Mas… foi somente em 1976, com Alucinação, produzido por “Marco Mazzola”, que Belchior teve o reconhecimento que merecia, aliás, ele superou a expectativa da gravadora ao vender 30 mil cópias só no primeiro mês, contabilizando a longo prazo, um total de 500 mil cópias vendidas, algo que para o mercado fonográfico dos anos 70, representa um enorme sucesso. Mas tudo isso, se deve ao sucesso de um outro disco, que deu carona para Alucinação, “Falso Brilhante” de Elis Regina, lançado poucos meses antes e também produzido por Mazzolla.

Inicialmente, Elis, iria gravar apenas uma música de Belchior, mas após conhecer e ficar íntima do cearense, resolveu ampliar o repertório.

 

Elis Regina em 1976

Belchior conquistava as pessoas não apenas com sua música, ele trazia também uma aura messiânica, sempre acolhendo e aconselhando. Quem teve a sorte de ter essa conversa com Bel, narra o quanto ele era diferente dos demais artistas de sua época, que em comum, tinham egos inflados e pouco carisma nos bastidores.

Não se sabe ao certo o que Belchior falou para Elis Regina, além de ter pedido para que ela o convidasse para hora do almoço ou do jantar, brincando com a fase financeiramente ruim que ele passava, mas o que se sabe, é que esse encontro resultou em duas canções no álbum Falso Brilhante, que foi um tremendo sucesso de vendas e críticas.

“Velha Roupa Colorida”, foi lançada por Elís numa pegada rocker, com guitarras distorcidas, acredito que propositalmente, para exorcizar a tal “Marcha contra a guitarra elétrica”, liderada pela própria Elis, em um movimento de protesto, que ela mesma, depois, acabou considerando um equívoco.

Mas a música do Bel que Elis gravou e que até hoje é uma das mais reproduzidas nas plataformas de streaming, vocês sabem qual é, né?
“Como Nossos País”

Elis elevou a importância de todos compositores que gravou, mas com Belchior foi ainda maior, pois enquanto o grande público se perguntava: “que música é essa”? Alucinação chegava nas lojas, apresentando o disco solo do compositor de “Como Nossos Pais”, que logo seria consagrado como o disco do sucesso “Apenas um Rapaz Latino Americano”.

 

Após o empurrão de Elis, Belchior foi parar na crista da onda.
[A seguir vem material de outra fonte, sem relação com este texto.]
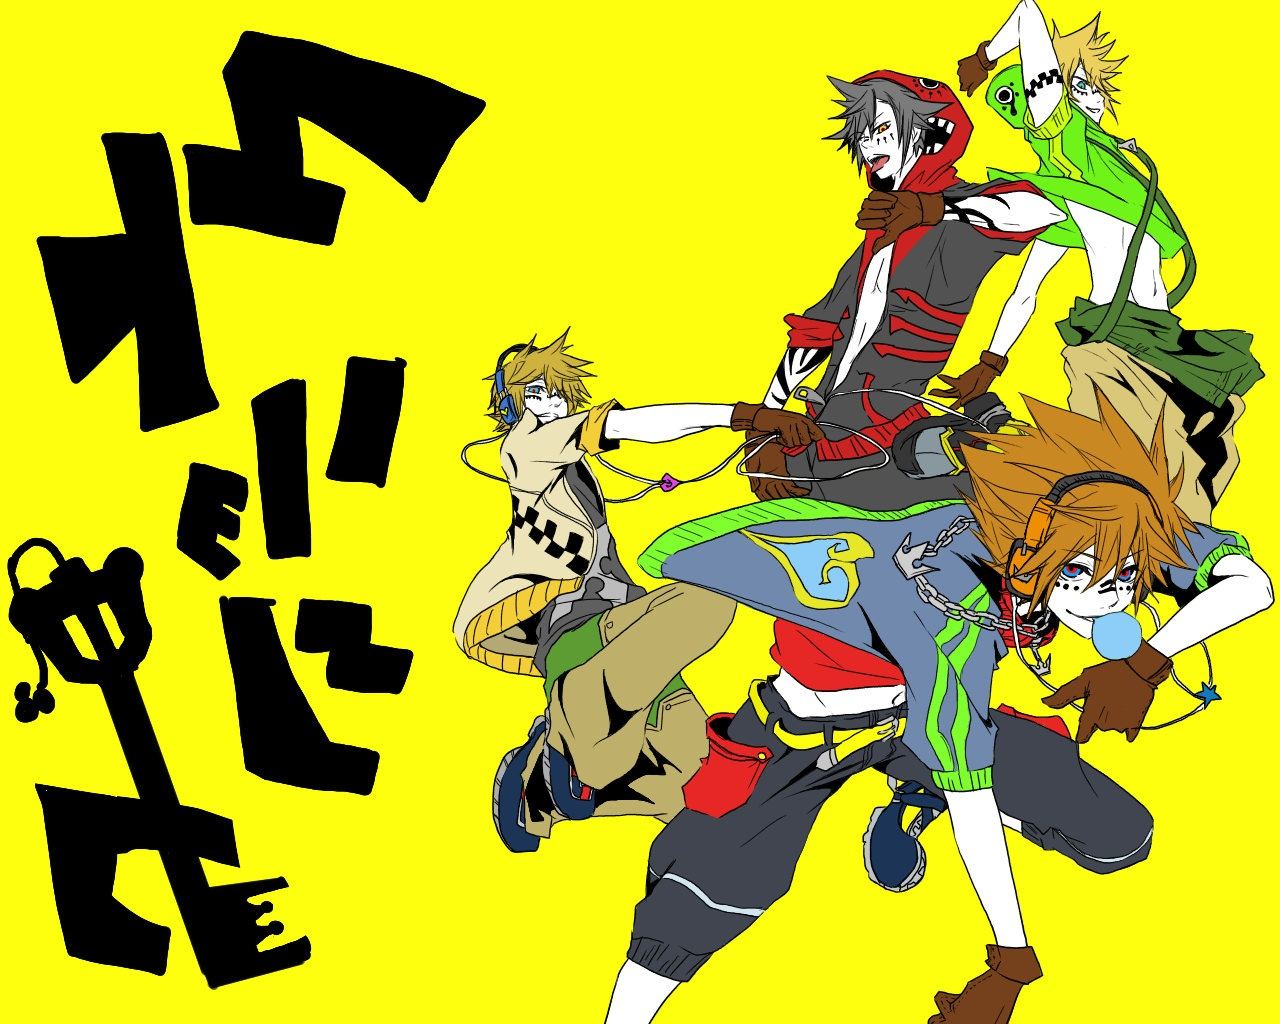 kingdom hearts image 686997 zerochan anime image board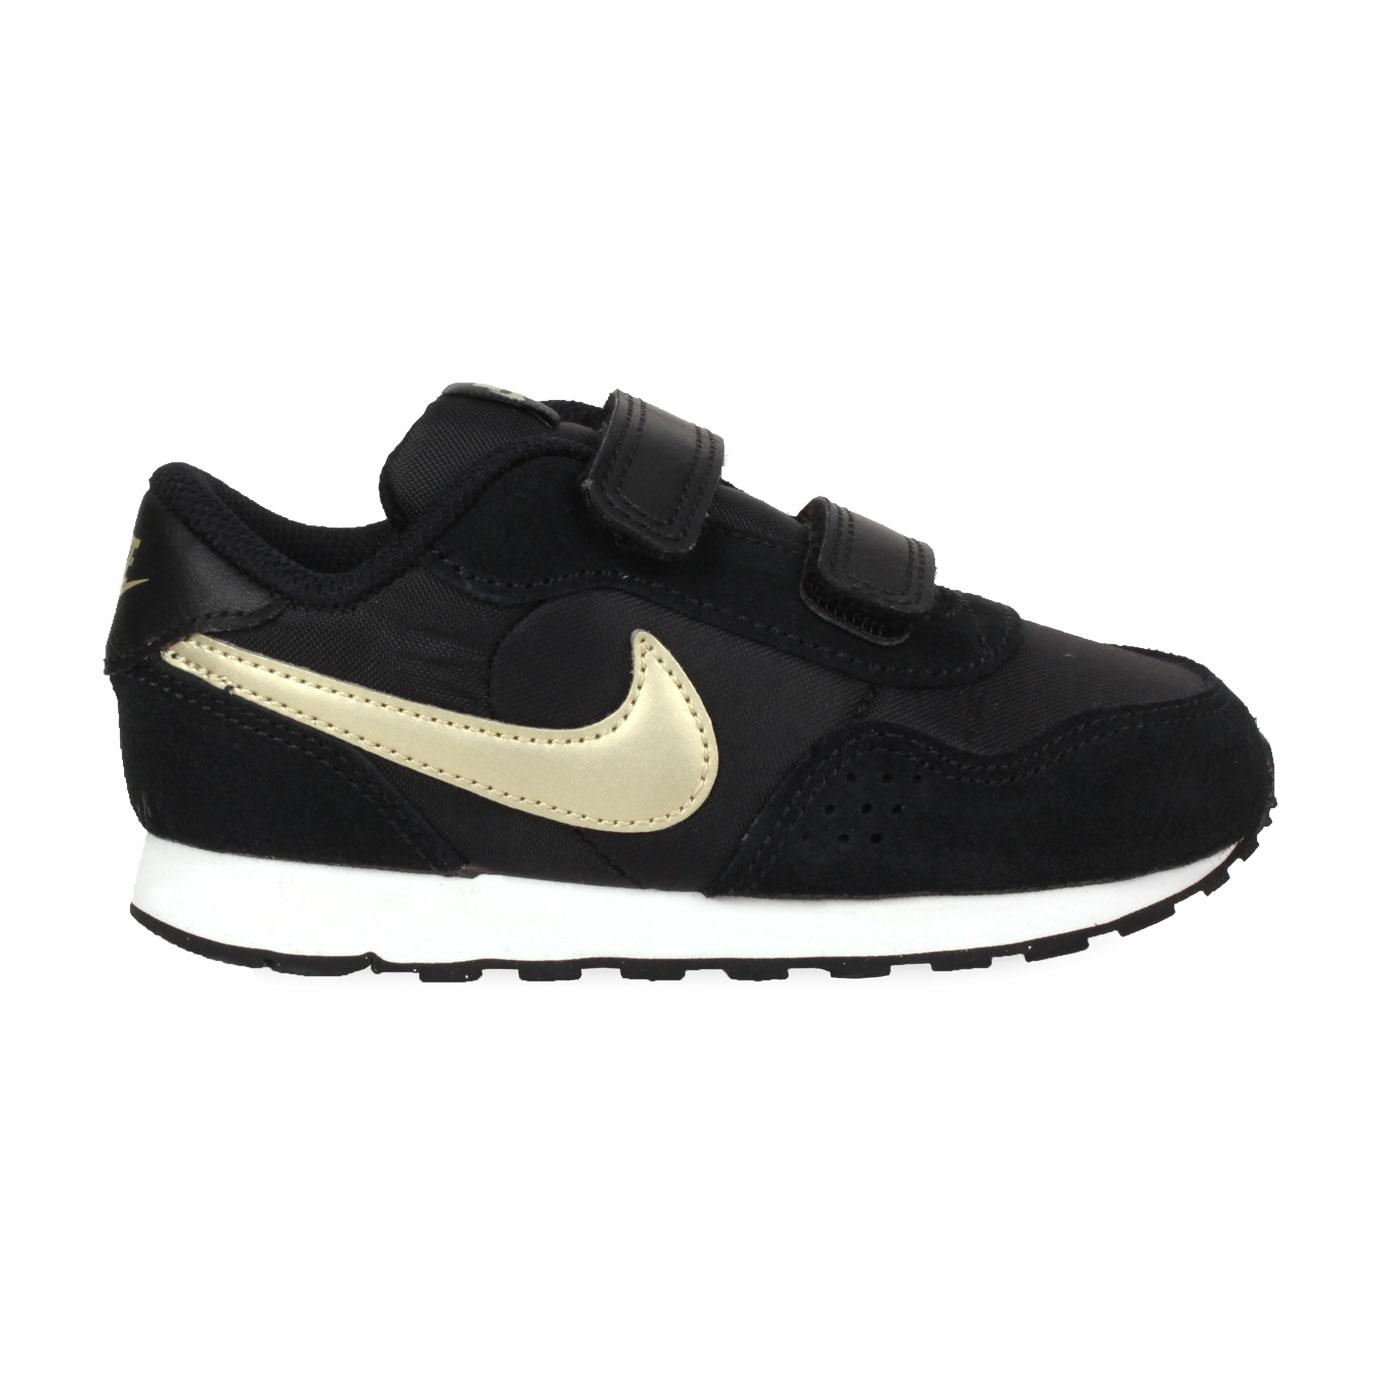 NIKE 小童運動慢跑鞋  @MD VALIANT (TDV)@CN8560009 - 黑香檳金

Fez temporada de um mês no “Centro Cultural São Paulo”, onde todo dia tinha uma fila imensa na entrada e dividiu uma temporada com a cantora “Simone” no “Teatro João Caetano”, onde tiveram que instalar um telão na frente do teatro, por causa da enorme procura.

Em 1976, Belchior se tornou um superstar!

Até em feiras agropecuárias, que hoje em dia é dominada por astros do sertanejo universitário, Belchior chegou a reunir 20 mil pessoas. Dá pra imaginar a mente dessa galera do agroshow explodindo ao ouvir Belchior? Não dá, né?

Foi nesse clima, com a imprensa o chamando de “o artista do novo”, vídeo no “Fantástico” e bilheterias esgotadas, que Belchior gravou o próximo disco e terceiro da sua carreira, chamado: “Coração Selvagem”, lançado em 1977, época em que “Hélio Rodrigues Ferraz” se tornou empresário de Bel, um cargo em que permaneceria durante os próximos trinta anos.

Apesar de não ser do ramo musical, Hélio se tornou o Braço direito de Belchior. Antes de entrar no ramo musical, ele trabalhava produzindo peças de teatro, mas largou tudo para seguir com a música.

Coração Selvagem, marca a mudança de Belchior para a “WEA” – A Warner do Brasil, que investiu pesado aqui. Além de Belchior, Raul Seixas também havia deixado a Philips e ido pra lá, ambos por influência de Marco Mazzola, que também havia produzido Alucinação. Mas dessa vez, com estrutura e mais dinheiro, então, obviamente, temos um som mais refinado e menos Rock and Roll. O grande sucesso foi a música que dá título ao disco.

As vendas de Coração Selvagem não chegaram perto de Alucinação, mas mesmo assim, é considerado por muitos fãs, como a grande obra de Belchior, por causa de sua produção mais polida e letras ideologicamente menos confrontativas. Vale lembrar da treta com os tropicalistas, que contamos em detalhes no episódio 50 do Clube. Belchior provocou Caetano Velozzo e seus amigos importantes. Aquilo, na época, foi necessário, mas o próprio Bel, em tom apaziguador, afirmou depois, que aquela rusga era coisa do passado, citando a velha roupa colorida, que já não lhe serve mais.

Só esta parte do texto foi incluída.